My 2010 goal is to raise 2 colonies/hives of bees at a friend's hobby farm. There a pond for water, a tree for late afternoon shade, and plenty of food. Food supplies for the bees are hay fields with lots of Alfalfa, Basswood, Honeysuckle, and Plum trees. I planted Mother of Thyme in the corn field near my hive for bee health.
Saturday May 8th, 2010 - I took delivery of two "singles" from B&B Honey Farms. A 10 frame brood box full of brood and ready for a second brood box to be added.
Sunday May 9th, 2010 - I added a second brood box to each colony/hive. I ripped the staples out and added a screen for catching Varroa mites for each colony. I noticed the bee were returning with a bunch of pollen (dark yellow and orange from dandelions).
Wednesday May 12th, 2010 - I moved a frame from the center of each full bottom brood box up, and placed an empty frame in it's place.
Sunday May 16th, 2010 - I checked some frames from the top brood boxes. They are starting to draw the comb out, but it feel slow to me. I watched a few foragers return with legs full of pollen.
Sunday May 23th, 2010 - The top brood box was full of bees on both colonies. I pulled a few frames and they were full of honey, they had more comb on the top and bottom of each frame and they had larva in them. I ran home to get my supers and installed 2 to each colony.
Wednesday May 26th, 2010 - I checked the supers after doing some reading that said I shouldn't add the queen excluder right away, I should wait for the workers to build up some comb first. I snapped a few pictures, I had the focus way off on most, to the right is the only usable picture.
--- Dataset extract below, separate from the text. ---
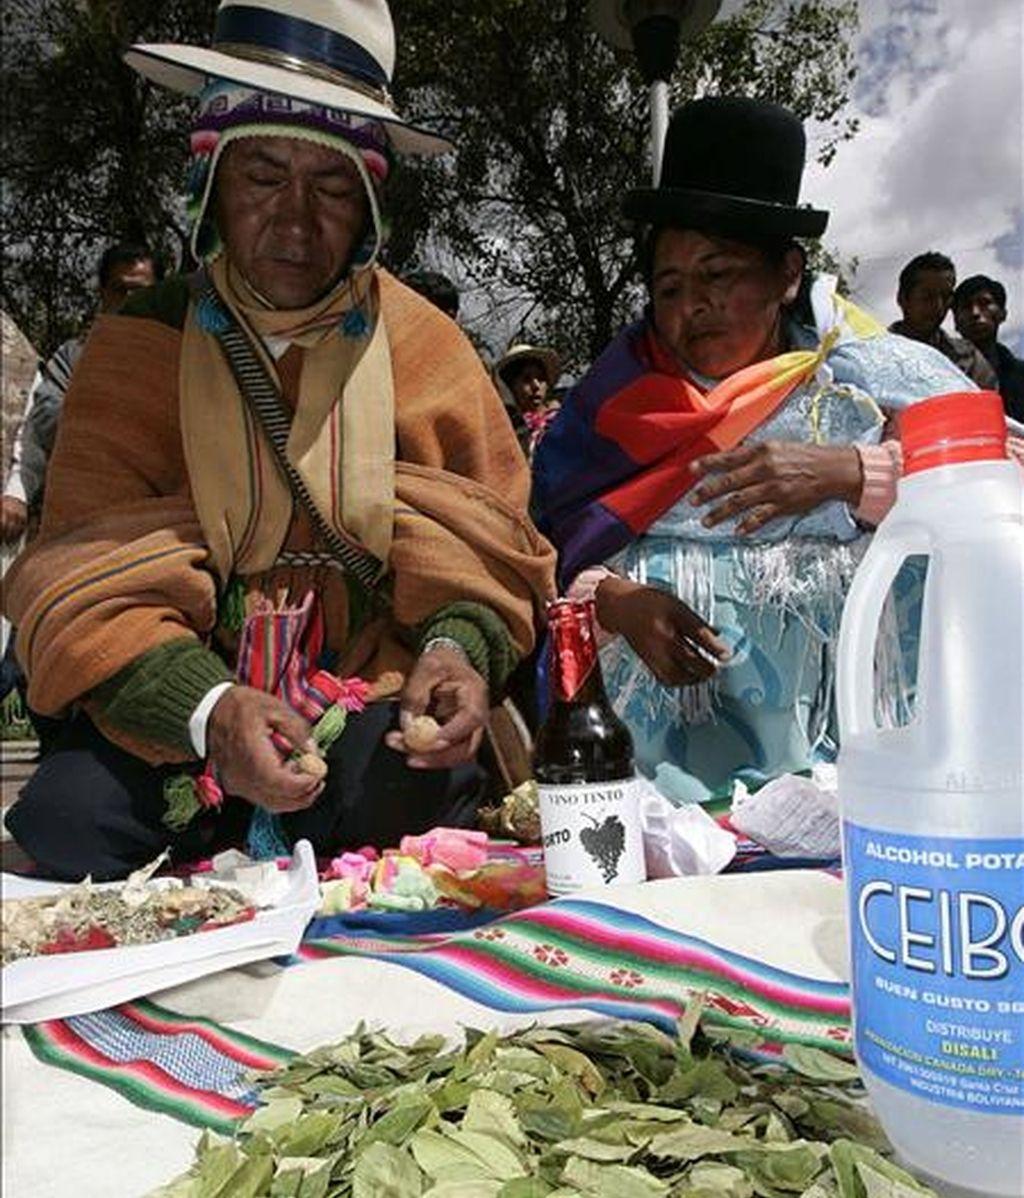 El Gobierno boliviano también considera necesario modificar la ley del Régimen de la Coca y Sustancias Controladas, a fin de evitar el incremento de las plantaciones en las zonas consideradas tradicionales. EFE/Archivo

Wednesday June 23rd, 2010 - I received a call from a tractor club member, who lives across the street from Lloyd. His son ran across a swarm, and his wife wanted to call an exterminator. He called me instead. I called Bob Sitko who was listed on the Minnesota Hobby Beekeepers website for swarm information for a few tips. This was my first swarm and I’m a green rookie at beekeeping.
The swarm was located in a short tree about 3 feet off the ground. I calmed everybody down by walking right up to the swarm and talking as if I knew what I was doing. I started with only my head protection, and quickly got stung in the thumb. I threw on a long sleeve shirt and my gloves to continue. I just shook the heck out of ‘em until about 80% were in my cardboard box, then I had a beer next door at Lloyd's with the tractor club crew. I came back and almost all of the bees were now in the box. I taped the box up. I could feel the whole box buzz as I carried it to my vehicle.
I opened up my weaker colony and pulled the un-drawn supers, and replaced the queen excluder with a sheet of newspaper with a slit. I put the supers back and pulled 4 frames and dumped the bees into the supers, I carefully replaced the frames to not crush bees. After I loosely covered everything I left. I hope this will bolster my weaker hive.
If all goes well, one queen will die this week, and hopefully I will have the stronger of the two. Either was I added about 3 to 4 pounds of mature foragers to my hive. They should quickly learn the land and become proficient in gathering nectar.